One important asset in any balance sheet is the accounts receivable. It’s much like the reflection of the quality of your products and services and the satisfaction of your customers. To run a critical analysis, begin by dealing with the best possible days sales outstanding (DSO), then compare it to your existing average. You’ll also need to determine why the DSOs are not where they are supposed to be.

Checking the top drivers of your revenue process is also helpful for analyzing your accounts receivable. These include your customers’ financial health, quality of your products, shipment patterns, as well as your credit policies. If customer payment lags are the only ones driving your account receivable, enhancing your service process might do the trick.

4. Reduce debt servicing expenses

This is most useful for startups and small businesses. The reality is, debt is usually unavoidable and, at times, an essential part of improving working capital. But if you’re drowning in debt, securing business financing can be tough.  What you can do is to create a solid financial structure and determine whether you’re paying too much on interest. Overlooking details like interests and exorbitant penalties can negatively impact your cash flow real hard.

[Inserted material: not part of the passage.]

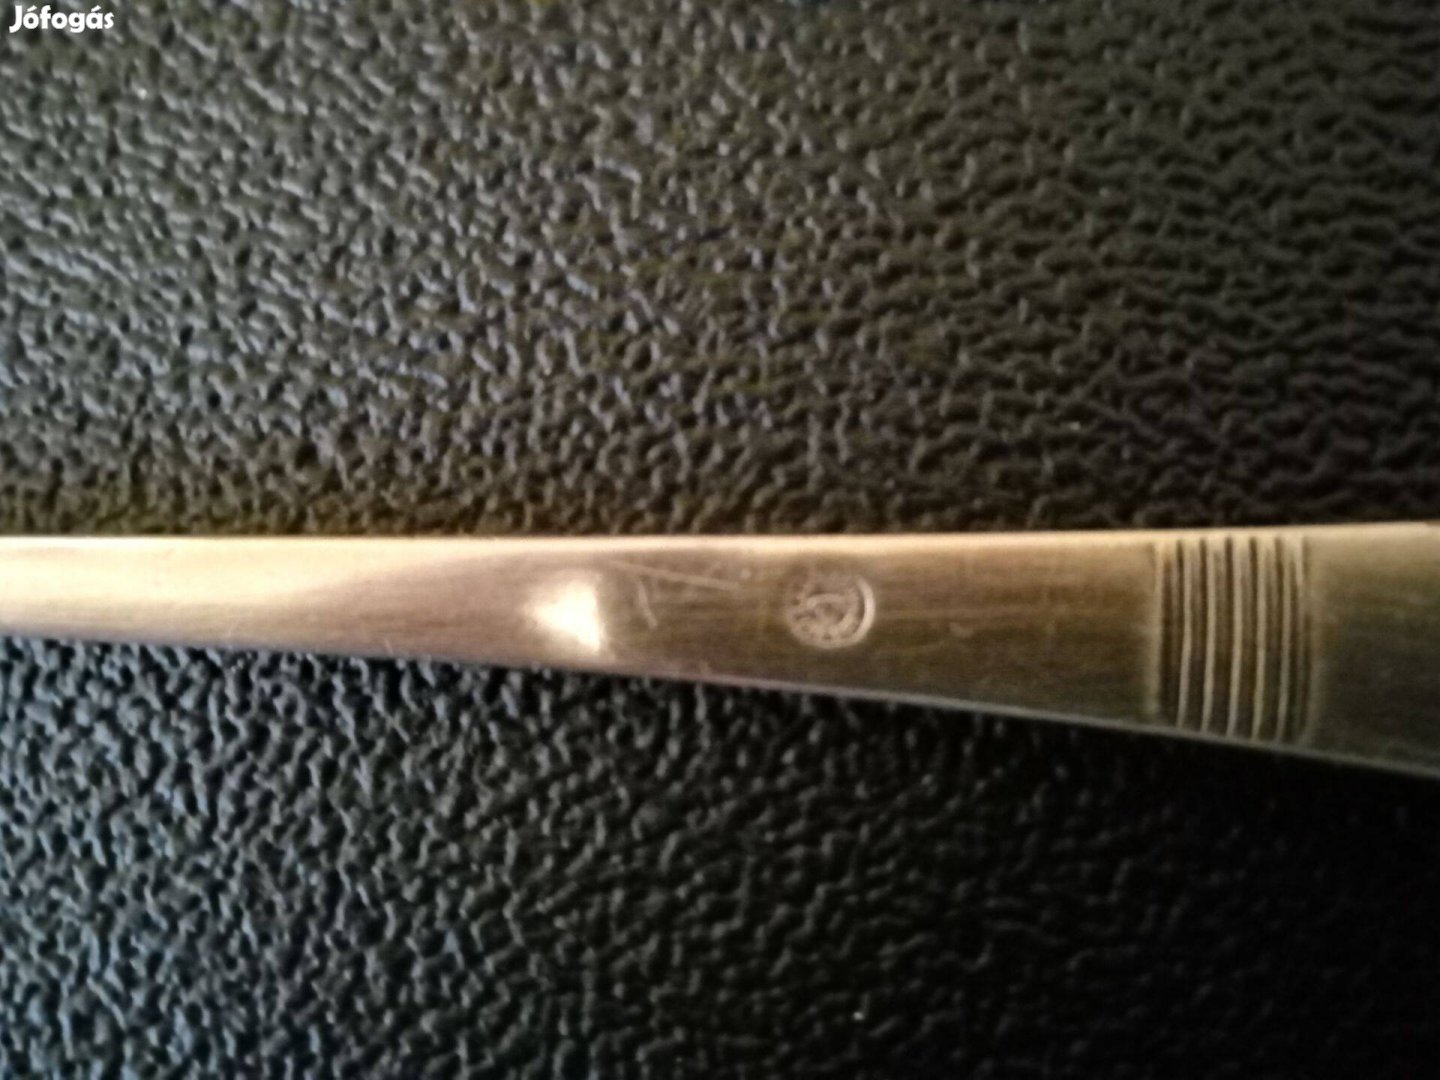 Eladó antik ezüstözött tálaló kés

When obtaining financing or loans, always make sure to negotiate for lower rates and see if you can acquire a fixed rate with obligation charges. As you reduce your debt expenses, you’d also have to stop adding more loans to your company as you go along.

There’s a trust in working capital being a simply understandable concept. It revolves around getting money to cover your company’s daily expenses, bills, and other types of expenditures. But for you to get the best results for your business and sustain its continuous growth, managing and improving your working capital should be your primary concern.